When generative AI lies, who is liable?
Welcome to AI Decoded, Fast Company’s weekly LinkedIn newsletter that breaks down the most important news in the world of AI. I’m Mark Sullivan, a senior writer at Fast Company, covering emerging tech, AI, and tech policy.
This week, I’m focusing on the legal system’s looming challenge of determining whether a chatbot can be found guilty of defamation. I’m also looking at the thorny issues corporations face when considering the use of AI in key business functions.
If a friend or colleague shared this newsletter with you, you can sign up to receive it every week here. And if you have comments on this issue and/or ideas for future ones, drop me a line at sullivan@fastcompany.com.
ChatGPT-maker OpenAI sued for defamation in Georgia
In what seems to be the first defamation case against an AI chatbot, the nationally syndicated talk show host Mark Walters has sued OpenAI, claiming that the company’s ChatGPT tool generated false and harmful information about him embezzling money. He is seeking unspecified monetary damages from OpenAI.
According to the suit filed in Georgia state court, Fred Riehl, editor of the gun publication AmmoLand, had asked ChatGPT for information on Walters’ role in another, unrelated, lawsuit in Washington State. Per Walters’ filing, ChatGPT contrived a fictional part of the Washington lawsuit, saying that Walters had embezzled money from a special interest group for which he’d served as a financial officer. By doing so, ChatGPT “published libelous matter regarding Walters,” his lawsuit states. “OAI knew or should have known its communication to Riehl regarding Walters was false, or recklessly disregarded the falsity of the communication,” the suit reads.

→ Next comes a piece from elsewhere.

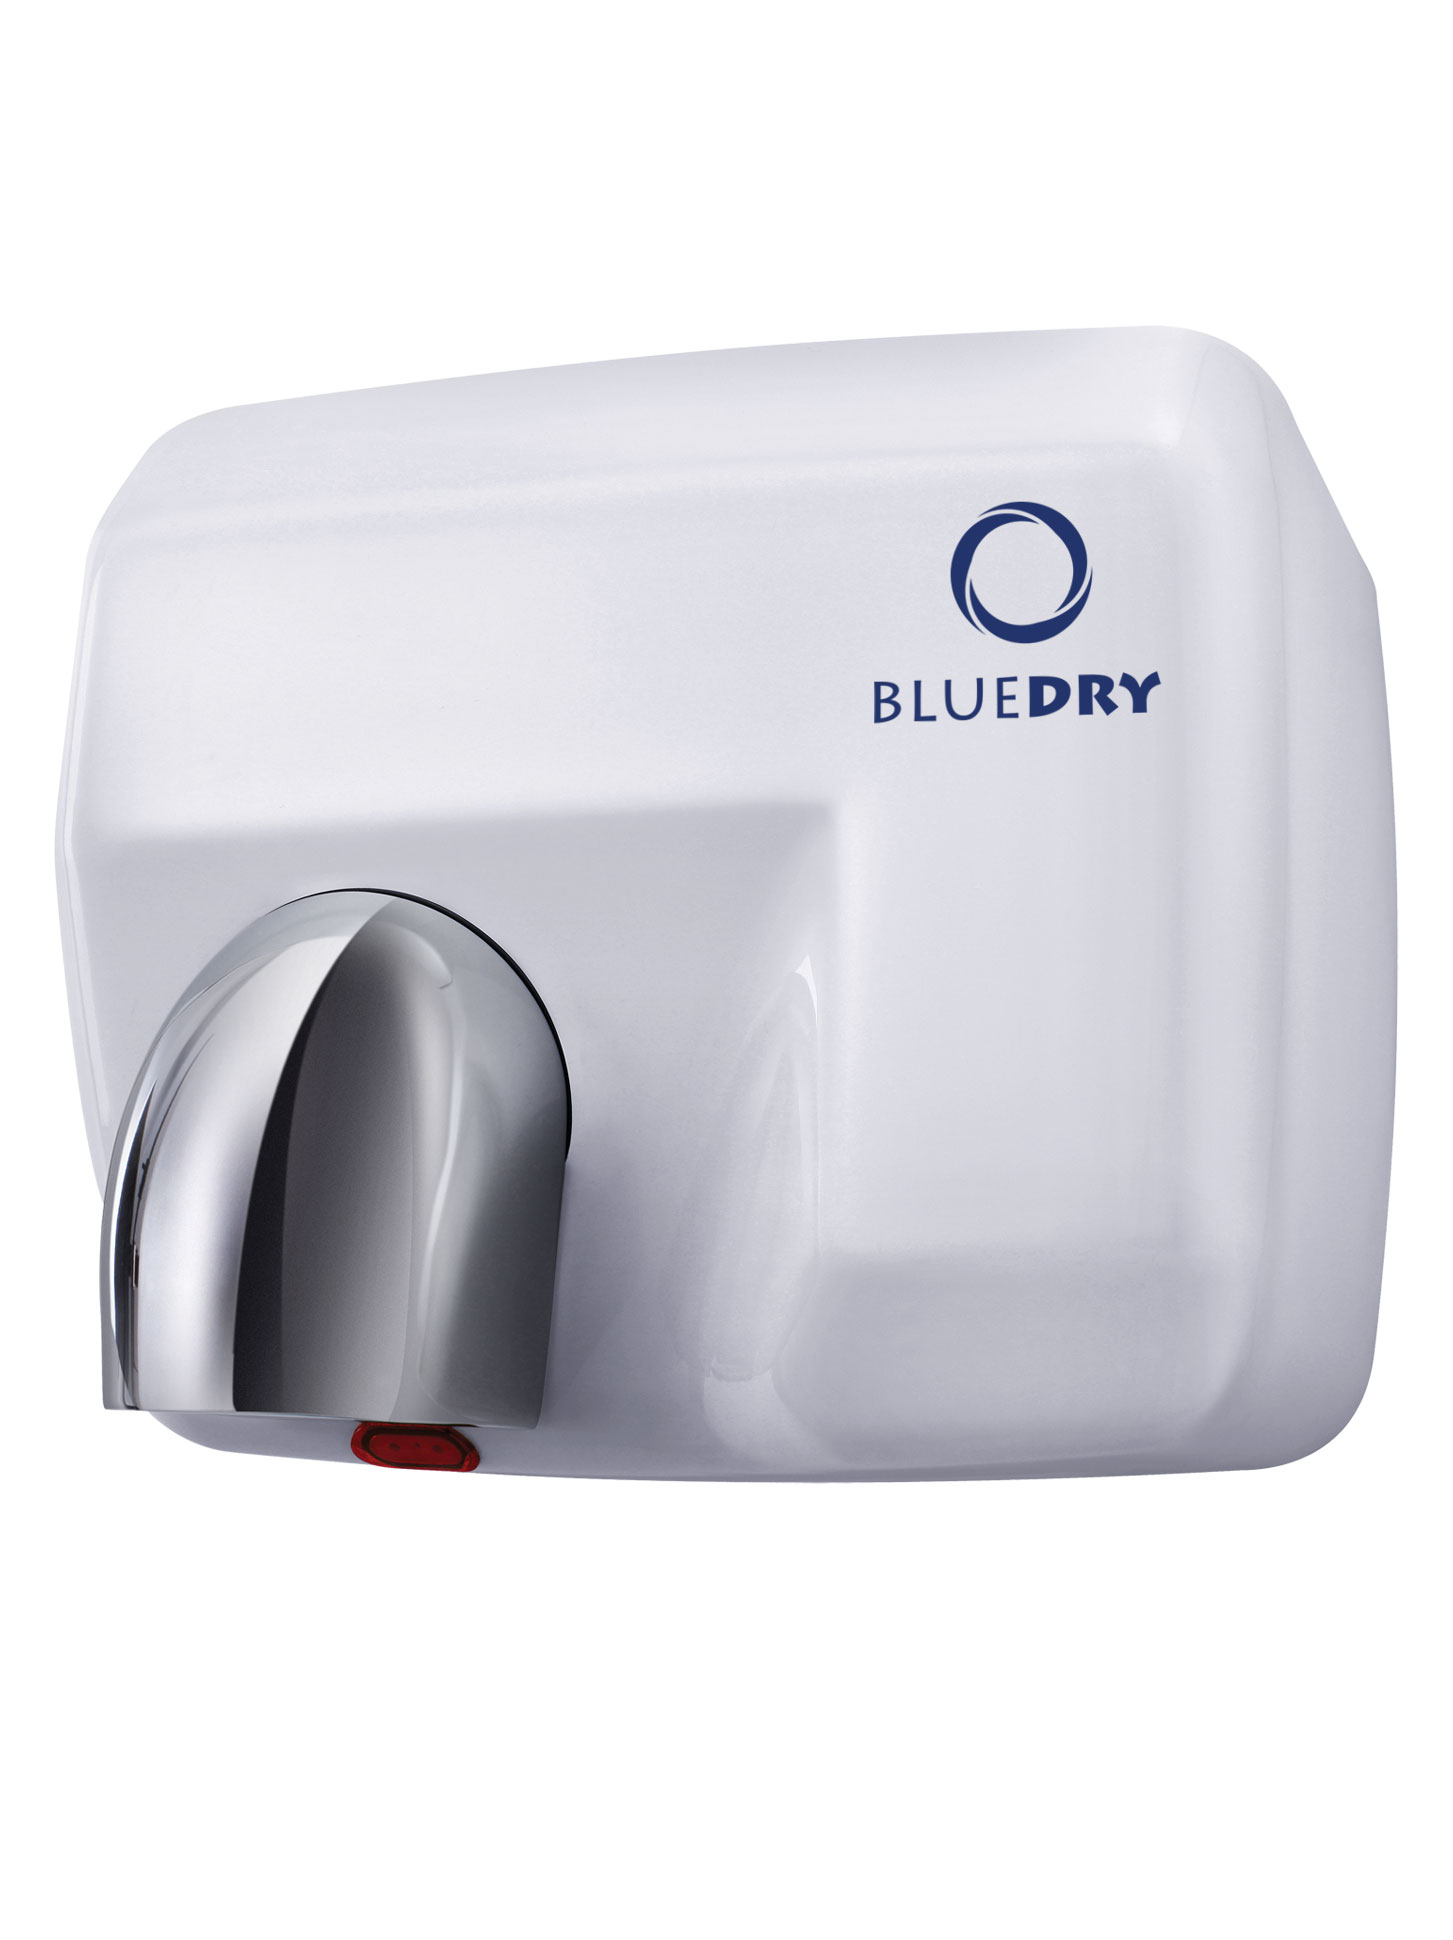 BLUE DRY STORM HD-BD1004 NOZZLE HAND DRYER AIR ECO FAST LED DRYERS DRIER BLUEDRY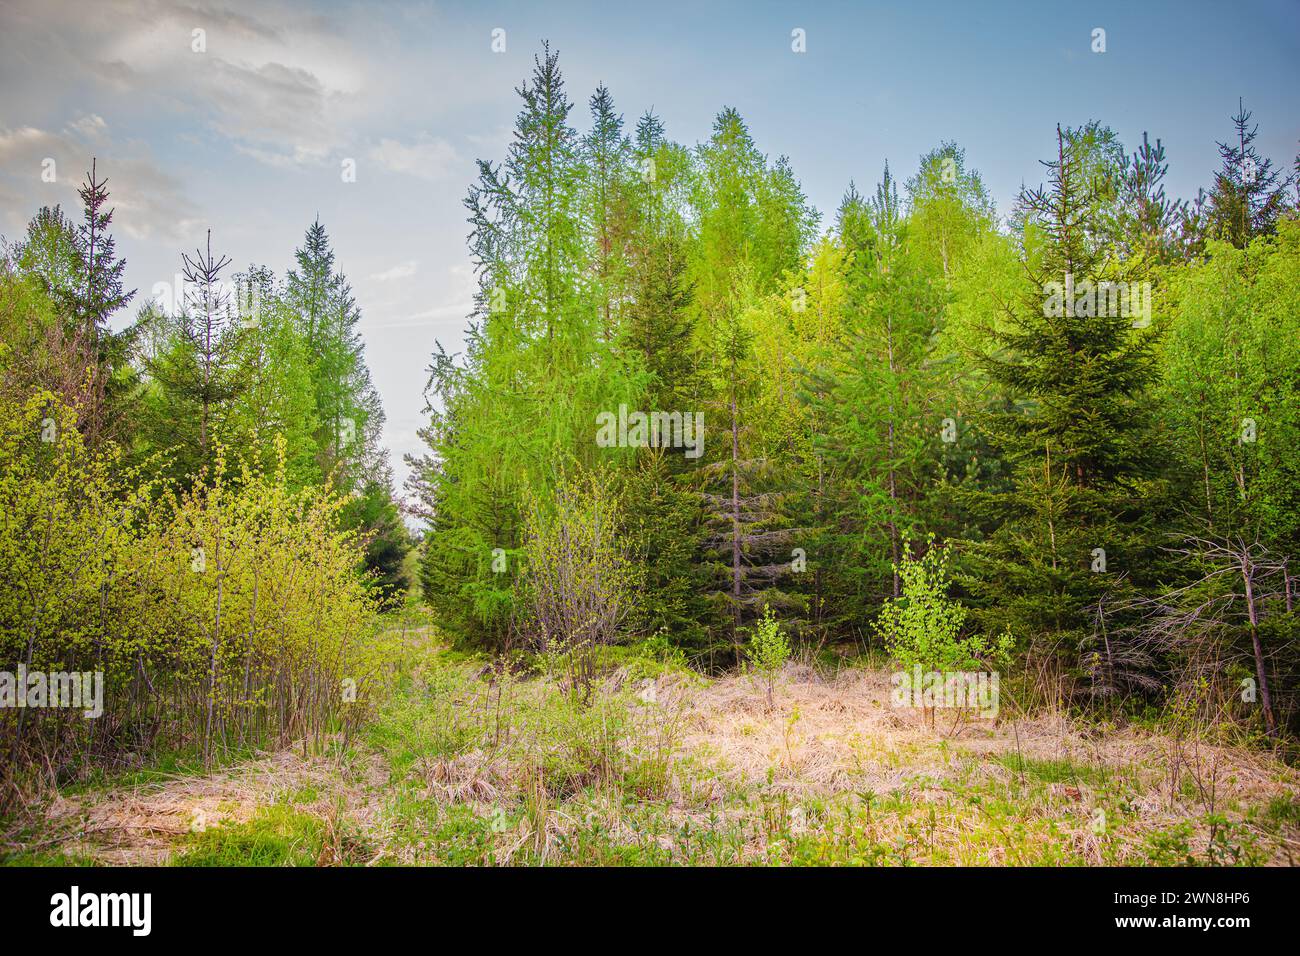 Coniferous trees in the forest Stock Photo

There’s plenty of precedent for cases where humans defame humans, but precious little when an AI is causing the harm. “Defamation is kind of a new area,” says John Villafranco, a partner with the law firm Kelley Drye & Warren. “There are a lot of juicy issues to be worked out.” The Walters v. OpenAI suit may or may not prove to be a landmark test case for defamation-by-AI, but it likely will raise important legal questions that will be repeated in future cases involving generative AI tools.
Meta has open-sourced a new AI model that can reason and learn
Meta announced Tuesday that it is open-sourcing a new computer vision model that can better help machines interpret the visual world. Unlike other computer vision models that break down images pixel by pixel, the Image Joint Embedding Predictive Architecture (I-JEPA) understands and compares images as abstract representations that convey the meaning of the image. (While chatbots process words, computer vision AI interprets or classifies images.) It processes and compares millions of images in this way, and in doing so forms an internal model of how the world works, Meta says. This approach allows I-JEPA to learn much more quickly than other models, even while using less computing power, Meta says. The end result is a model that can accomplish complex tasks and more easily adapt to unfamiliar situations. Meta says the model is already turning in high scores across a number of computer vision tests.
The foundation models are developed by Meta’s large AI research organization, led by AI pioneer and Turing Award winner Yann LeCun. Because Meta’s foundational AI models are open-source, they can be studied by other researchers and even used as the basis for other developers’ own models or apps.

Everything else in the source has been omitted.